**Task prompt:** What are the lines, word for word, from the line with "Tree icon template" up to and including the line with "by mihai-theodora ❤" in the records below? Omit the pictures.

--- Data for review Enclosed Below ---

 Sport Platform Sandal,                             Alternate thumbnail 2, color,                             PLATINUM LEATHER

--- End of Enclosed Data for review ---
--- Data for review Enclosed Below ---

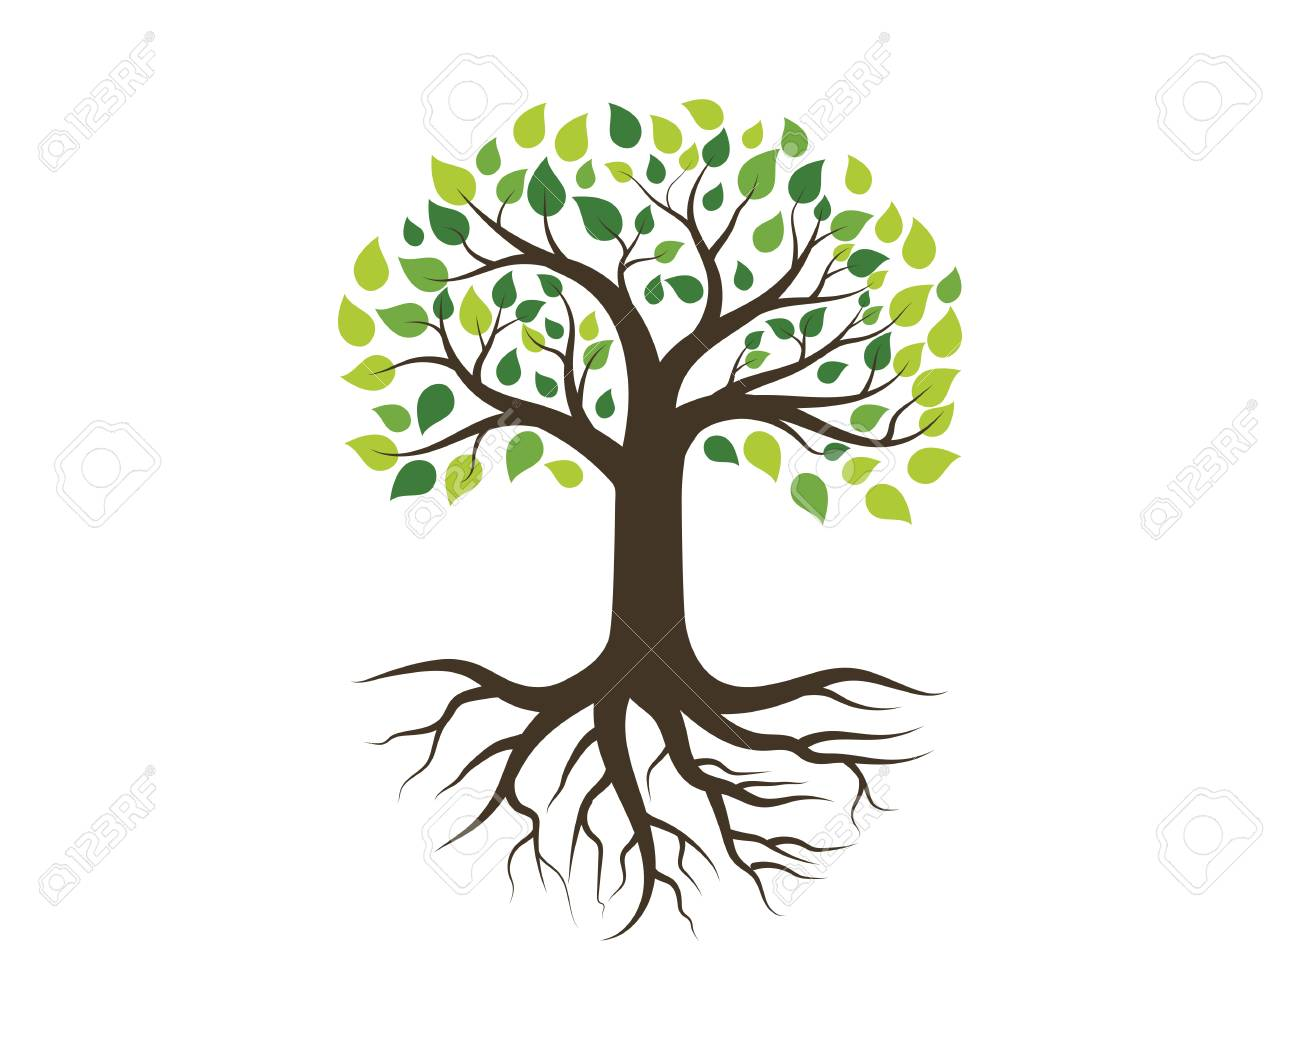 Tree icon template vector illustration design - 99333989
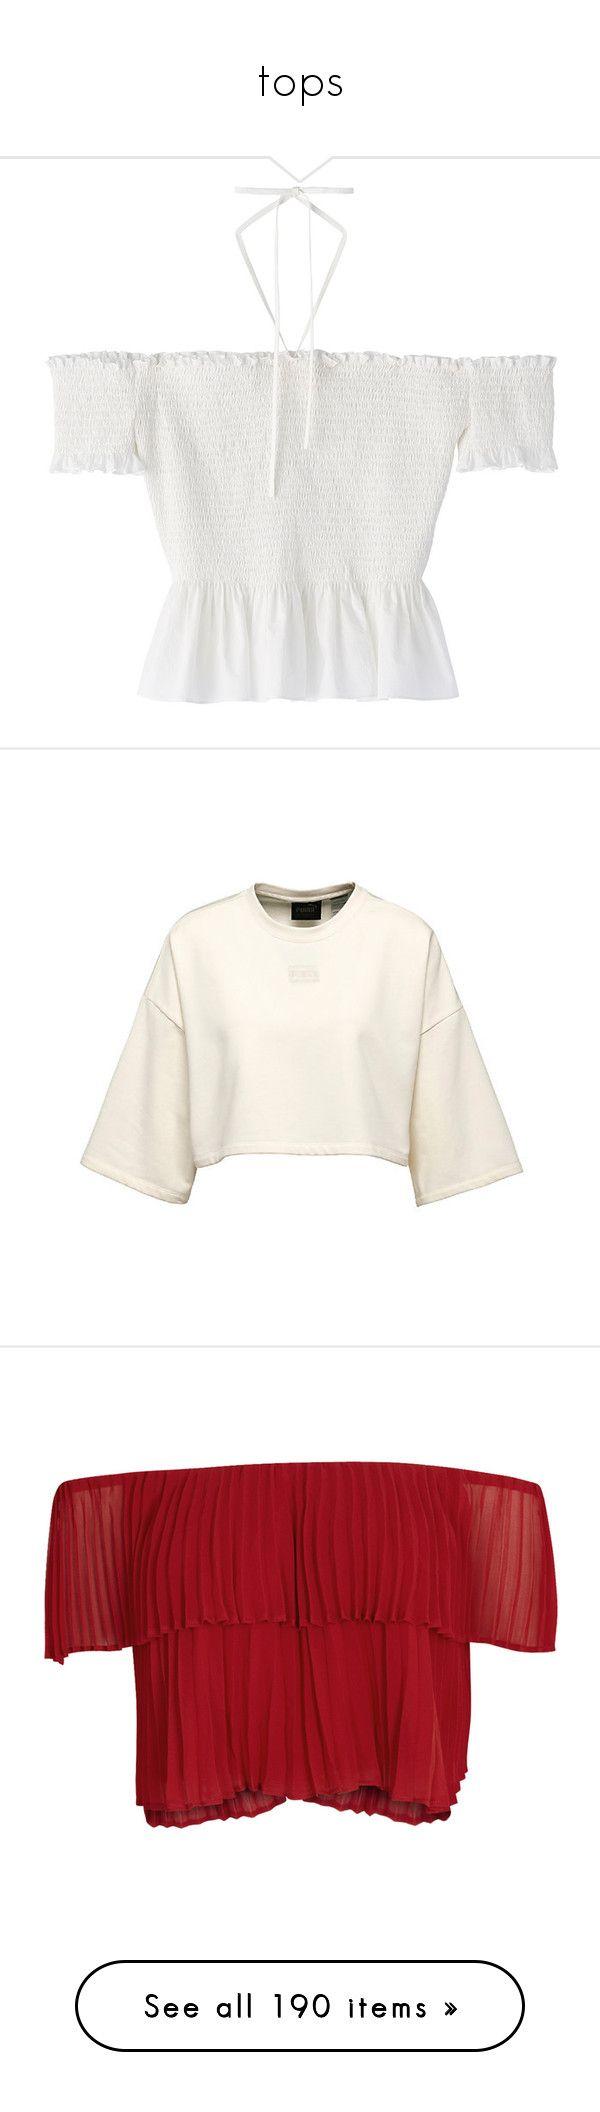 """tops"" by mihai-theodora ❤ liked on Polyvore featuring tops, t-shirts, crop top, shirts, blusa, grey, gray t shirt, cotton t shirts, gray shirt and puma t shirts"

--- End of Enclosed Data for review ---
--- Data for review Enclosed Below ---

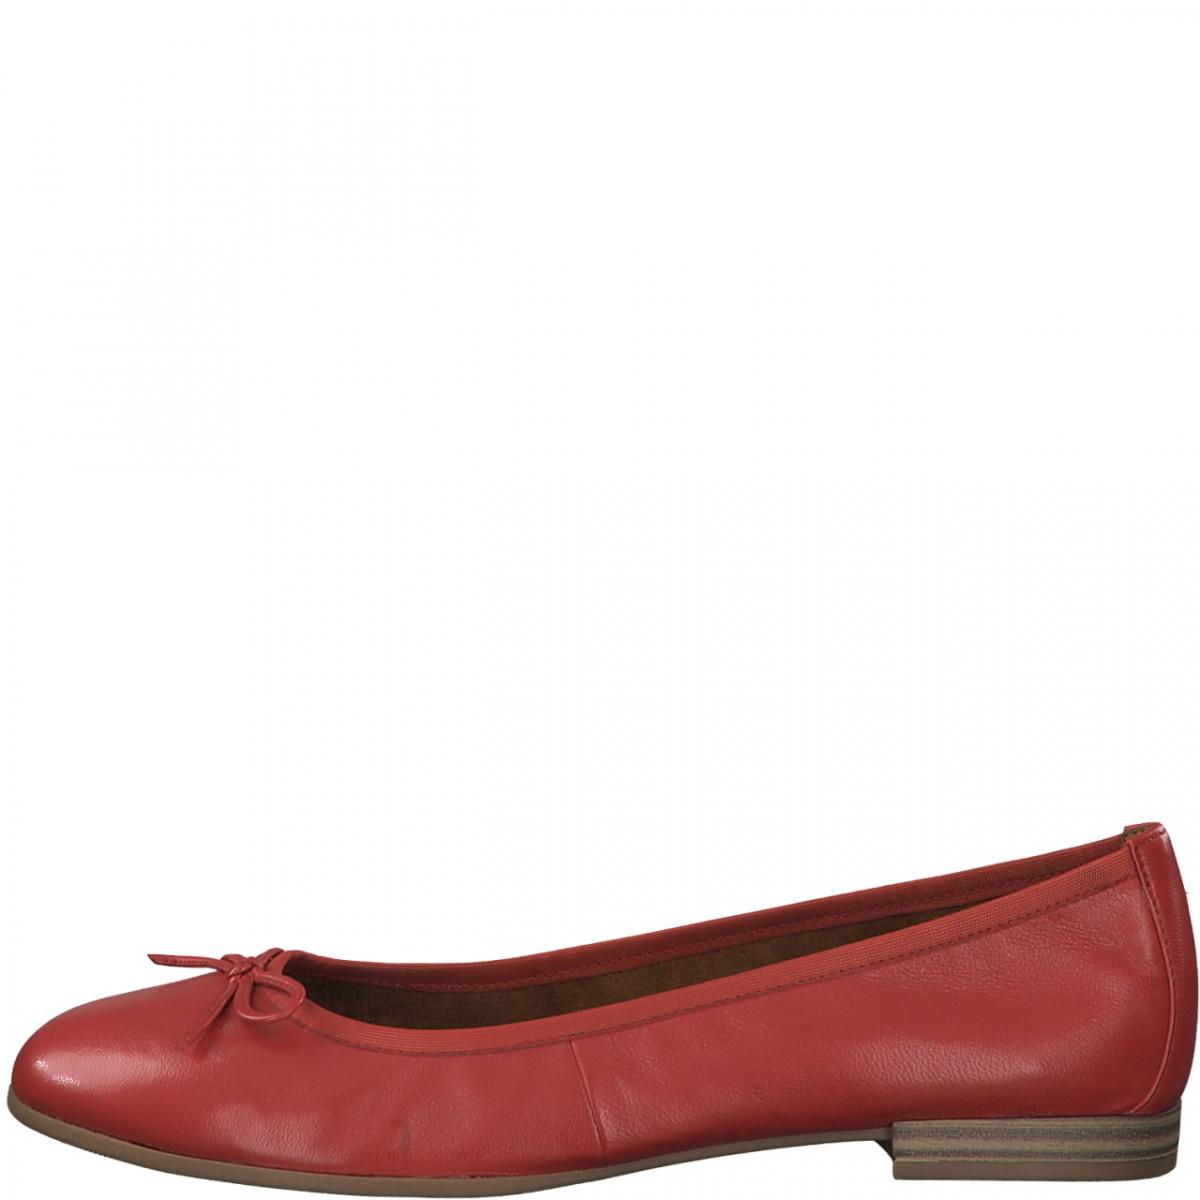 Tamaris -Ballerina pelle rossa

--- End of Enclosed Data for review ---

**Task output:**
 Tree icon template vector illustration design - 99333989
 """tops"" by mihai-theodora ❤ liked on Polyvore featuring tops, t-shirts, crop top, shirts, blusa, grey, gray t shirt, cotton t shirts, gray shirt and puma t shirts"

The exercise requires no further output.